*** Opening of Source material ***
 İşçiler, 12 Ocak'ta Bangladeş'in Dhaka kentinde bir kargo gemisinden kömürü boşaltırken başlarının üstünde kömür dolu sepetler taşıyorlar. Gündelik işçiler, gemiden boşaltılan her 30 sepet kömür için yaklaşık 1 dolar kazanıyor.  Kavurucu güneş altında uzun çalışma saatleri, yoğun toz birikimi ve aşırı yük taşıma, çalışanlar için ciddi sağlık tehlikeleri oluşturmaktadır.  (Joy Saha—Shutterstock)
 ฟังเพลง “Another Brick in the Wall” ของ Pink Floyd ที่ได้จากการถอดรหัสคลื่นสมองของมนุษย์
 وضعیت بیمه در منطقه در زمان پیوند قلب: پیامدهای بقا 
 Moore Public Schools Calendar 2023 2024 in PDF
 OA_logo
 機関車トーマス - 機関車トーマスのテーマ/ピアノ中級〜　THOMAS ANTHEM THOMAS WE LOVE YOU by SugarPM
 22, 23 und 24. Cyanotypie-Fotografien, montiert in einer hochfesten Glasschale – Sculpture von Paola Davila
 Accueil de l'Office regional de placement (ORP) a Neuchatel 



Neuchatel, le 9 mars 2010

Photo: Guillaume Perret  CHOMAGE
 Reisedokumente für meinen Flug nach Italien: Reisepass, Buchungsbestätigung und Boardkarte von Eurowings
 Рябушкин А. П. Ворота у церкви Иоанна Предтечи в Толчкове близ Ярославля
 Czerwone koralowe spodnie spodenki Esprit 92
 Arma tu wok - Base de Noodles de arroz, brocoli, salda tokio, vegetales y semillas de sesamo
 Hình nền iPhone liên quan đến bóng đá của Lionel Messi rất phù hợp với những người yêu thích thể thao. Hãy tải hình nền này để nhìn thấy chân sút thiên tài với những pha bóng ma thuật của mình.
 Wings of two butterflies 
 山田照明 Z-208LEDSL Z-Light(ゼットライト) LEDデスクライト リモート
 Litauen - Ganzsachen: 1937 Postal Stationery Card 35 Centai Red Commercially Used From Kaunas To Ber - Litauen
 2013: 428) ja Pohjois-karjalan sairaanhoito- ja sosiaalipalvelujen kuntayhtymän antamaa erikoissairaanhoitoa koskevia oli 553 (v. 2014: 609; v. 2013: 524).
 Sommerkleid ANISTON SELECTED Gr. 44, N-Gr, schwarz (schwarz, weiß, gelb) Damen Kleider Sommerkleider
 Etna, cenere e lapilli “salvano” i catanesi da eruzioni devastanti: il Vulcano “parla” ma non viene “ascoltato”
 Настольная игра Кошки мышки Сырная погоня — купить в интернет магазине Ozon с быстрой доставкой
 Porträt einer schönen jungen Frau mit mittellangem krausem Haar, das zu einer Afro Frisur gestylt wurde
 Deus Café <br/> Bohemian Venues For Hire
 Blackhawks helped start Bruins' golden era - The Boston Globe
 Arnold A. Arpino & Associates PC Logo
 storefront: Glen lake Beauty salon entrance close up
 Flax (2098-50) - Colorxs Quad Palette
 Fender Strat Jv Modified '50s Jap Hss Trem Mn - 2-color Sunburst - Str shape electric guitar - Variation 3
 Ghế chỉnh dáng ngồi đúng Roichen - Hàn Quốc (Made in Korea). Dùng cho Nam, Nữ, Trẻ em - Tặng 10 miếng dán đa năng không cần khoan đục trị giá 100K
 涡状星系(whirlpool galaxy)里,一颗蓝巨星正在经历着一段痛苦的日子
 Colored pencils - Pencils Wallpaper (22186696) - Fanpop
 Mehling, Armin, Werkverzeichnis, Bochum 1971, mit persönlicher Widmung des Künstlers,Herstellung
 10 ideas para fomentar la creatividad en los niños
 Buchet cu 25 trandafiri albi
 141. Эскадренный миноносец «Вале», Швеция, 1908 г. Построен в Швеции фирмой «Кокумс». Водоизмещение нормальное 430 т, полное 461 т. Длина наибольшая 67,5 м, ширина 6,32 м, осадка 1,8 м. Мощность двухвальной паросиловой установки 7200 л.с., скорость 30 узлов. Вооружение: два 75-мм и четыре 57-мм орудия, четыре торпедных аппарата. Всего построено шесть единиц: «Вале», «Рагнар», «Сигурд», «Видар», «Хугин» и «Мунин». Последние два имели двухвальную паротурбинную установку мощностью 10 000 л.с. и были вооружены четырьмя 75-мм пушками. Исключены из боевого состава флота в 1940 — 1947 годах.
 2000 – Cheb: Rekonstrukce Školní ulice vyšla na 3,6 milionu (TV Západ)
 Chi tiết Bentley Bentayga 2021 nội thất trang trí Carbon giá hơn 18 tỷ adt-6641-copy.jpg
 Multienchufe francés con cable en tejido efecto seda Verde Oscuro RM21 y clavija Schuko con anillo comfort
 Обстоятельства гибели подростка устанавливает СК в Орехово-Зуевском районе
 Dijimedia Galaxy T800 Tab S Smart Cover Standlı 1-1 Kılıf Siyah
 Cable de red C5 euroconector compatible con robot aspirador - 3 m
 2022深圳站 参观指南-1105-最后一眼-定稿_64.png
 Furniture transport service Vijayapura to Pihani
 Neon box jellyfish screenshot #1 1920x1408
*** Close of Source material ***
Work task -> Copy from the entries only those lines that hold the word "Neuchatel".

Exercise answer ->
 Accueil de l'Office regional de placement (ORP) a Neuchatel 
Neuchatel, le 9 mars 2010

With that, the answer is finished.